━━━ SUPPLIED ENTRIES ━━━

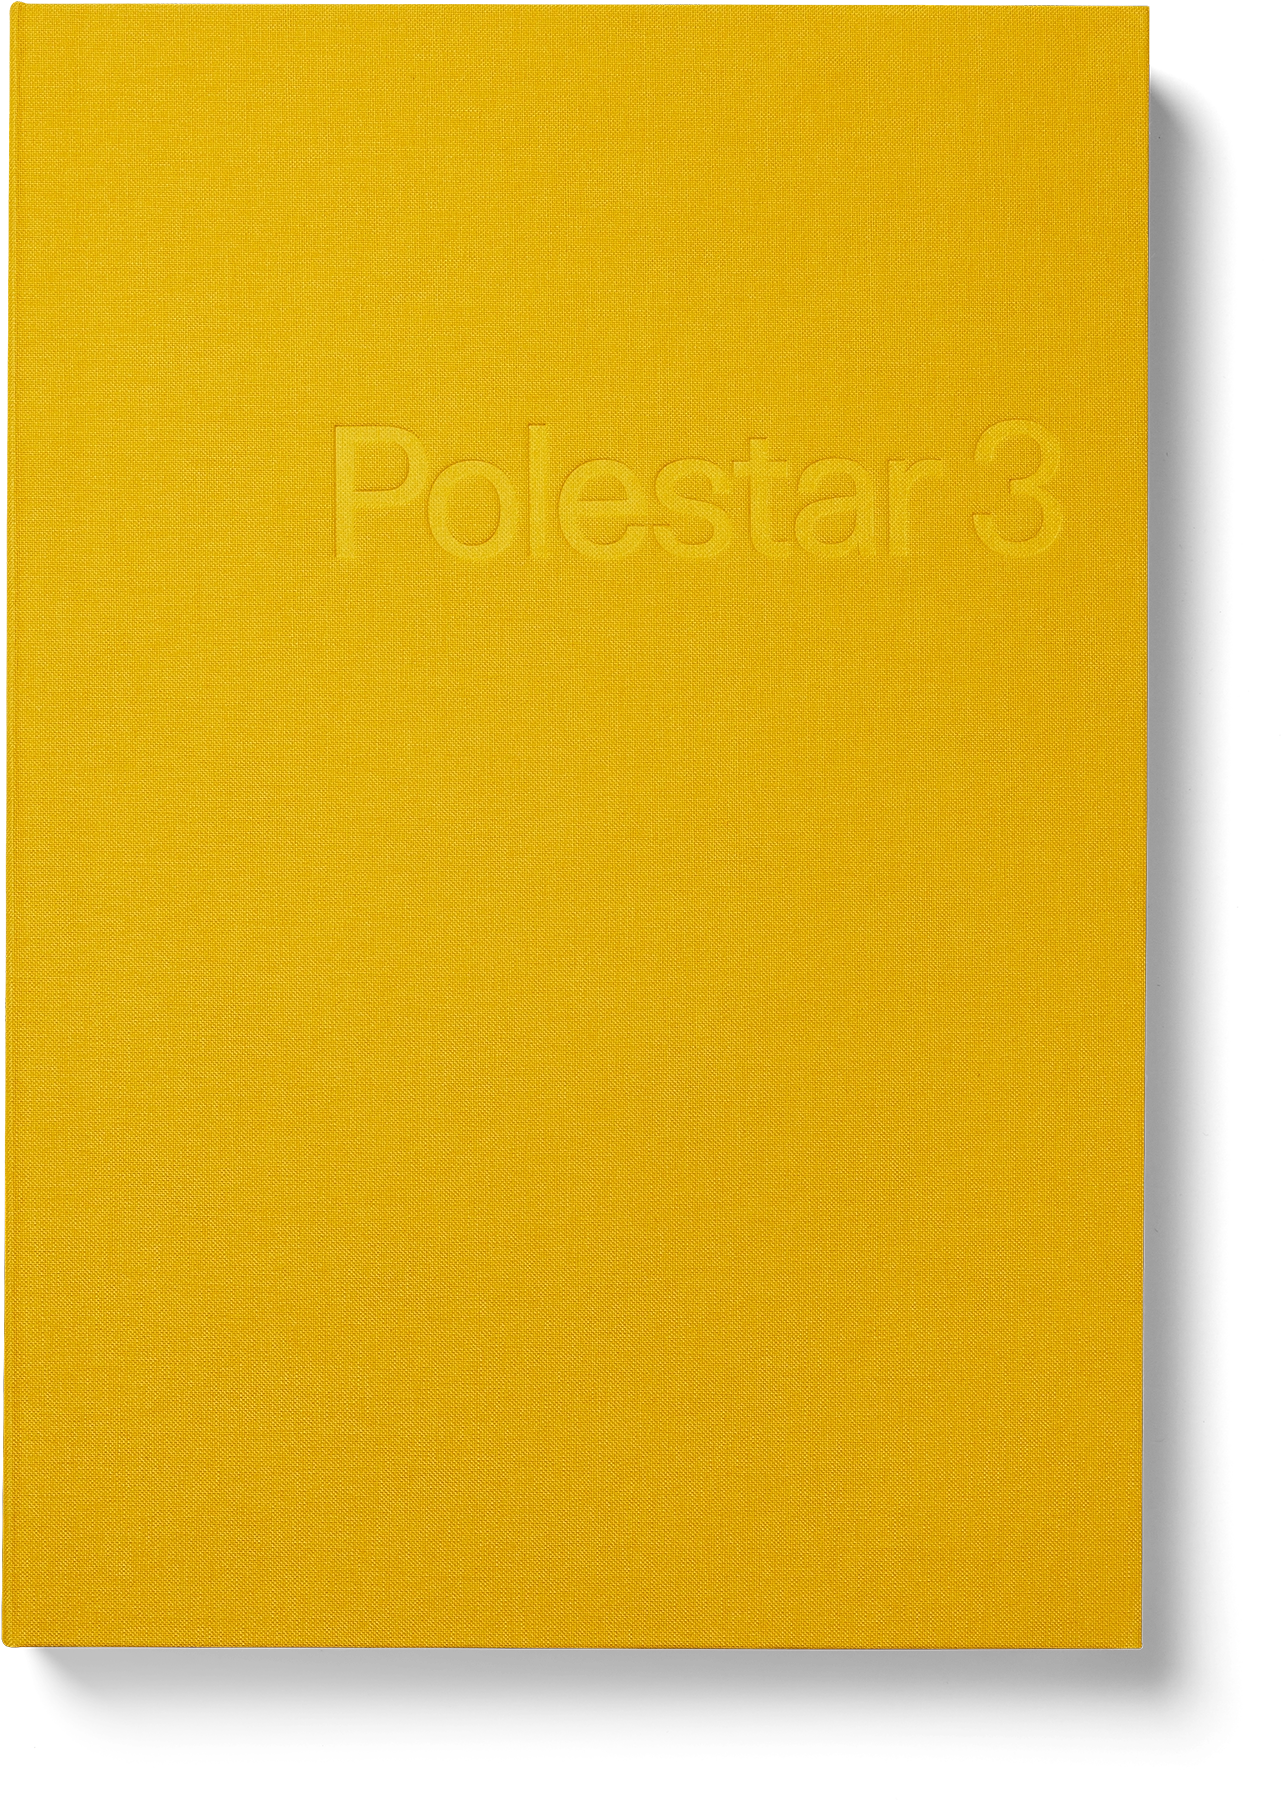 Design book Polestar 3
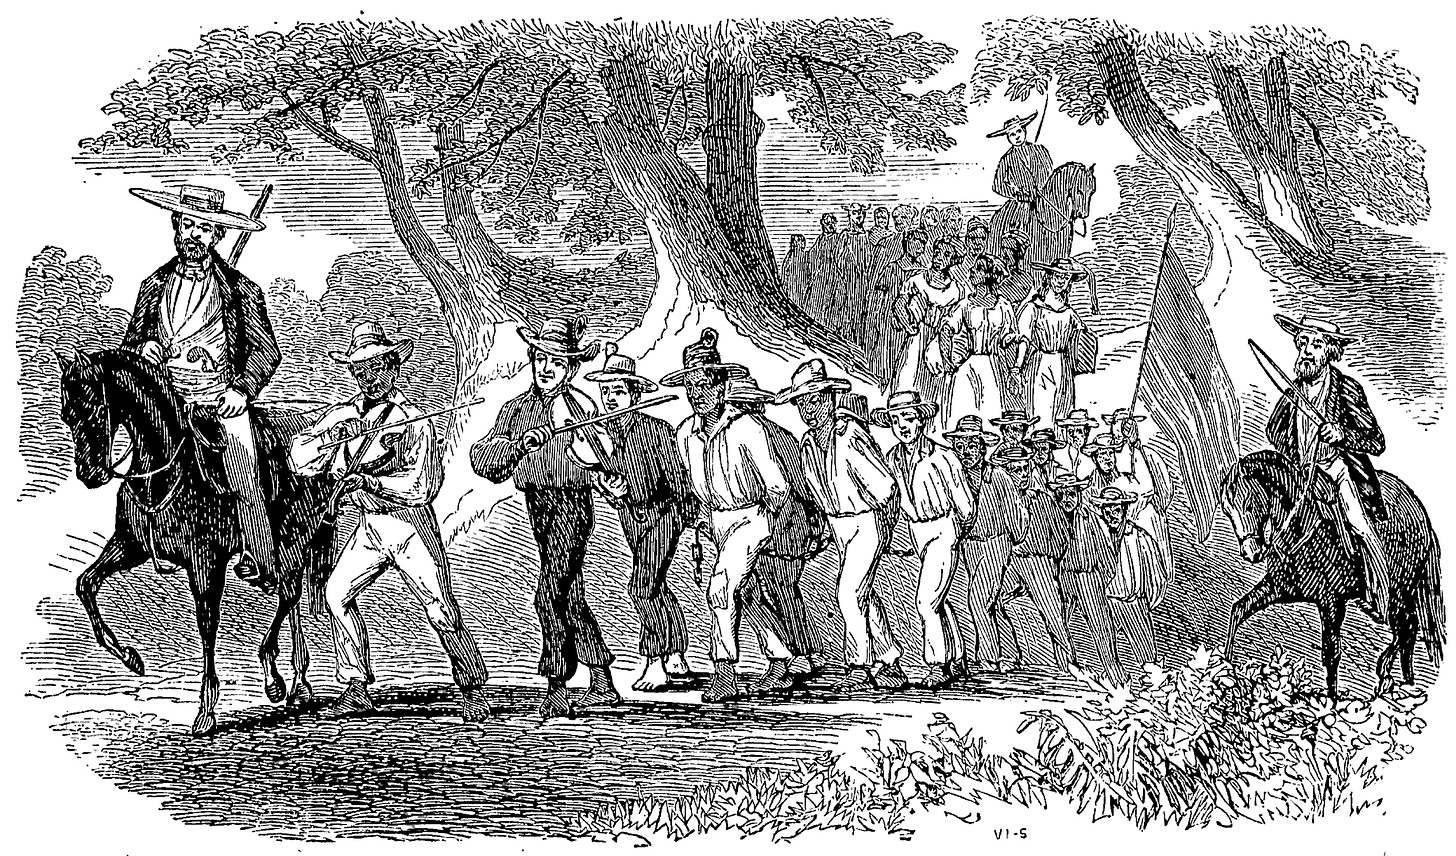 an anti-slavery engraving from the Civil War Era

━━━
━━━ SUPPLIED ENTRIES ━━━

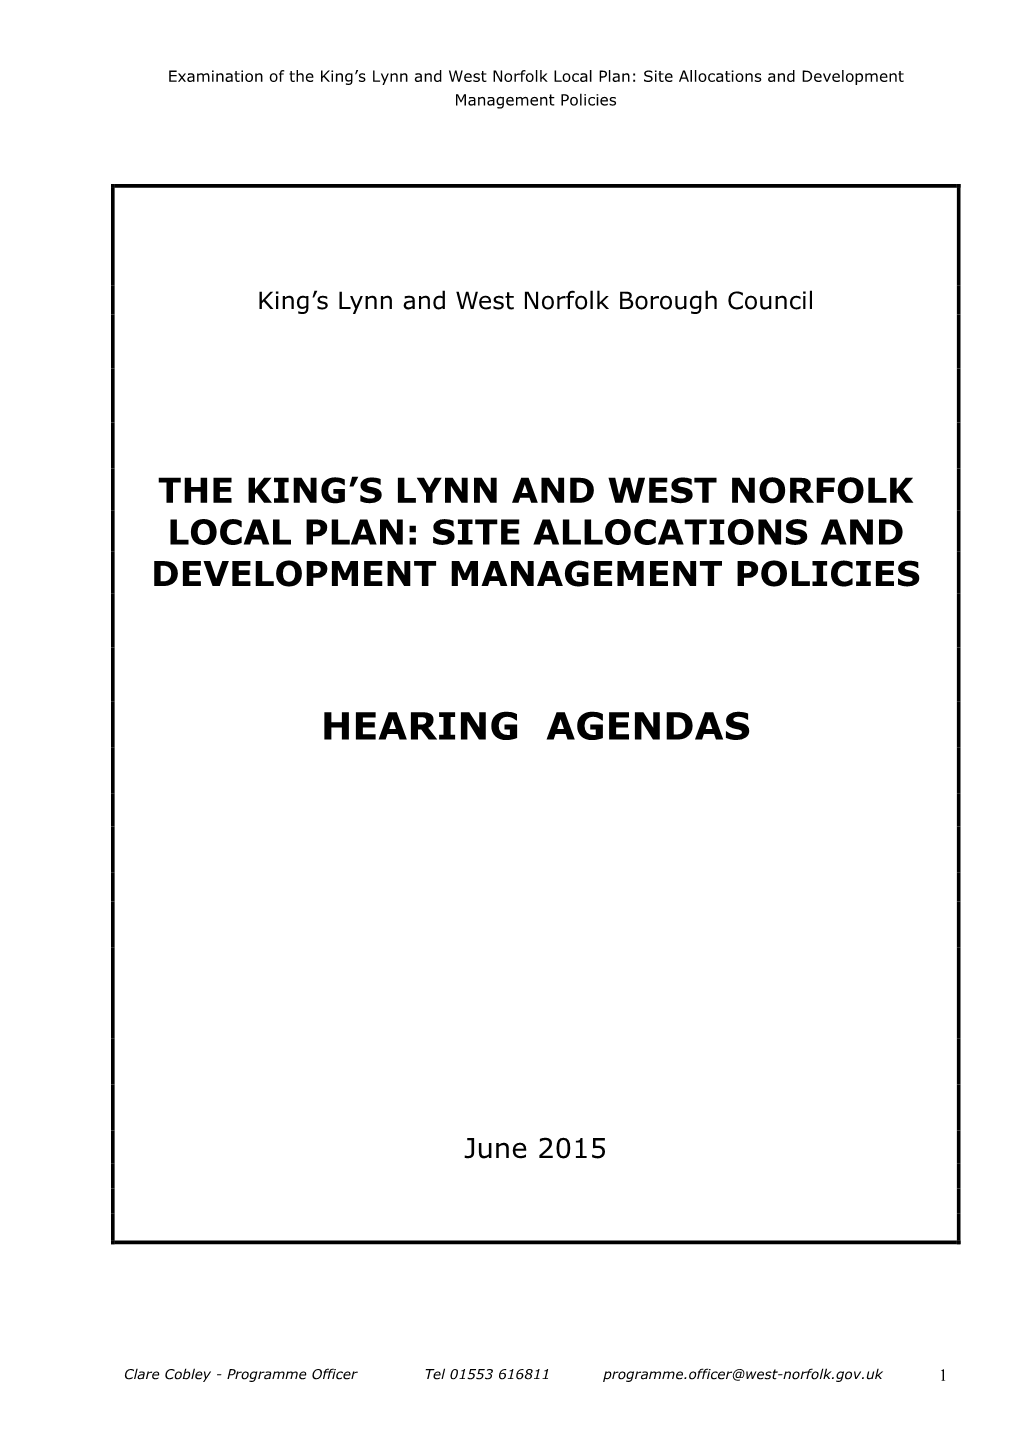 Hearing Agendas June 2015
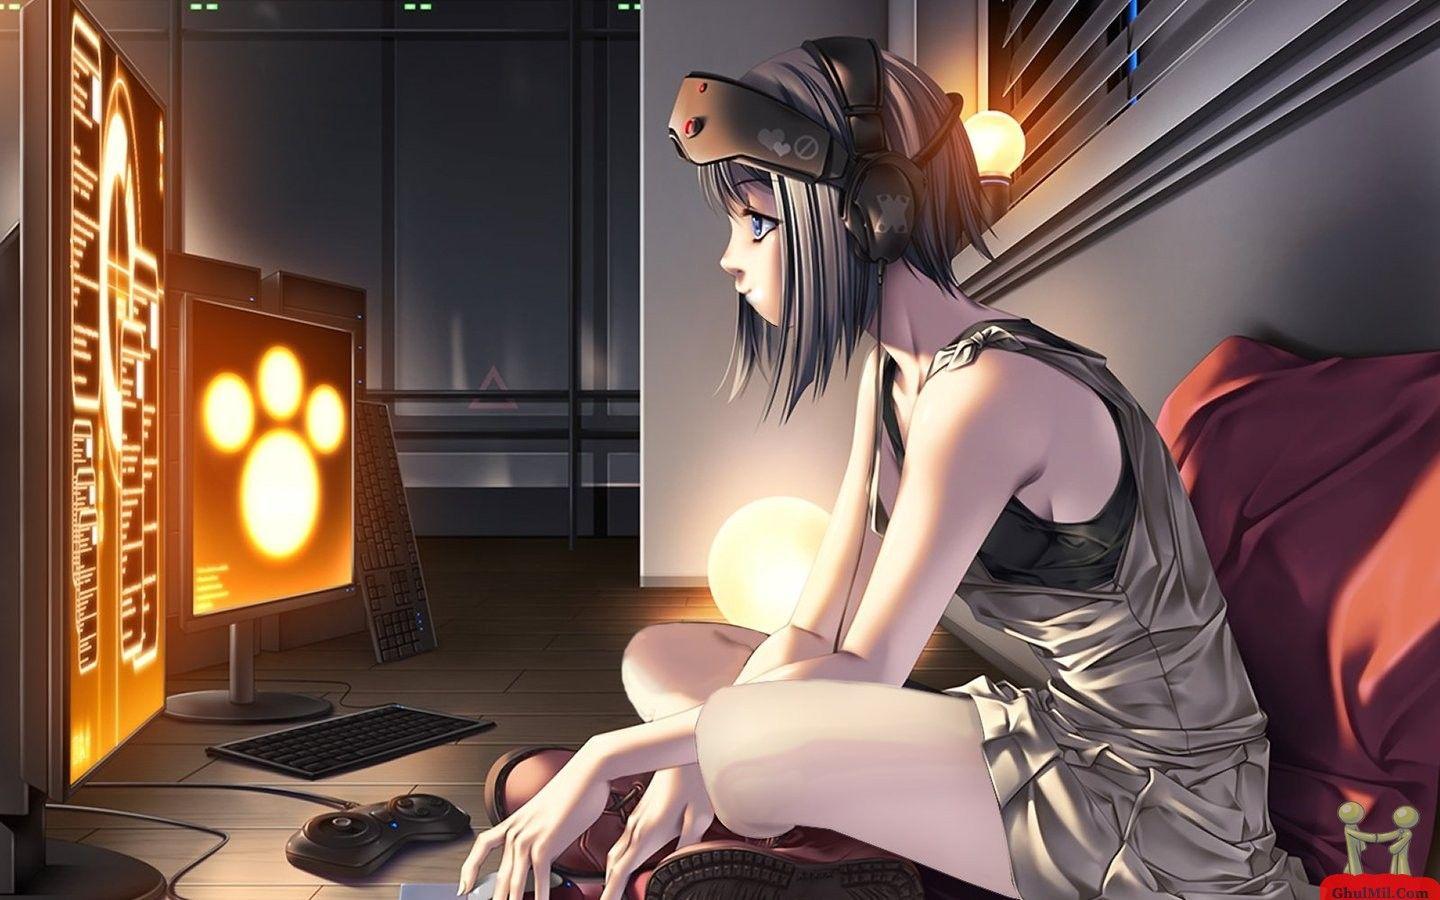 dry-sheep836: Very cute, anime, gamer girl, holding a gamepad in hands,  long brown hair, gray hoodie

━━━

**PROBLEM STATEMENT:** What is needed is an exact copy of the lines above from the one with "Hearing Agendas June 2015" to the one with "dry-sheep836: Very cute, anime, gamer", both ends kept, and nothing more; please leave the pictures out.

**RESPONSE AREA:**
 Hearing Agendas June 2015
 dry-sheep836: Very cute, anime, gamer girl, holding a gamepad in hands,  long brown hair, gray hoodie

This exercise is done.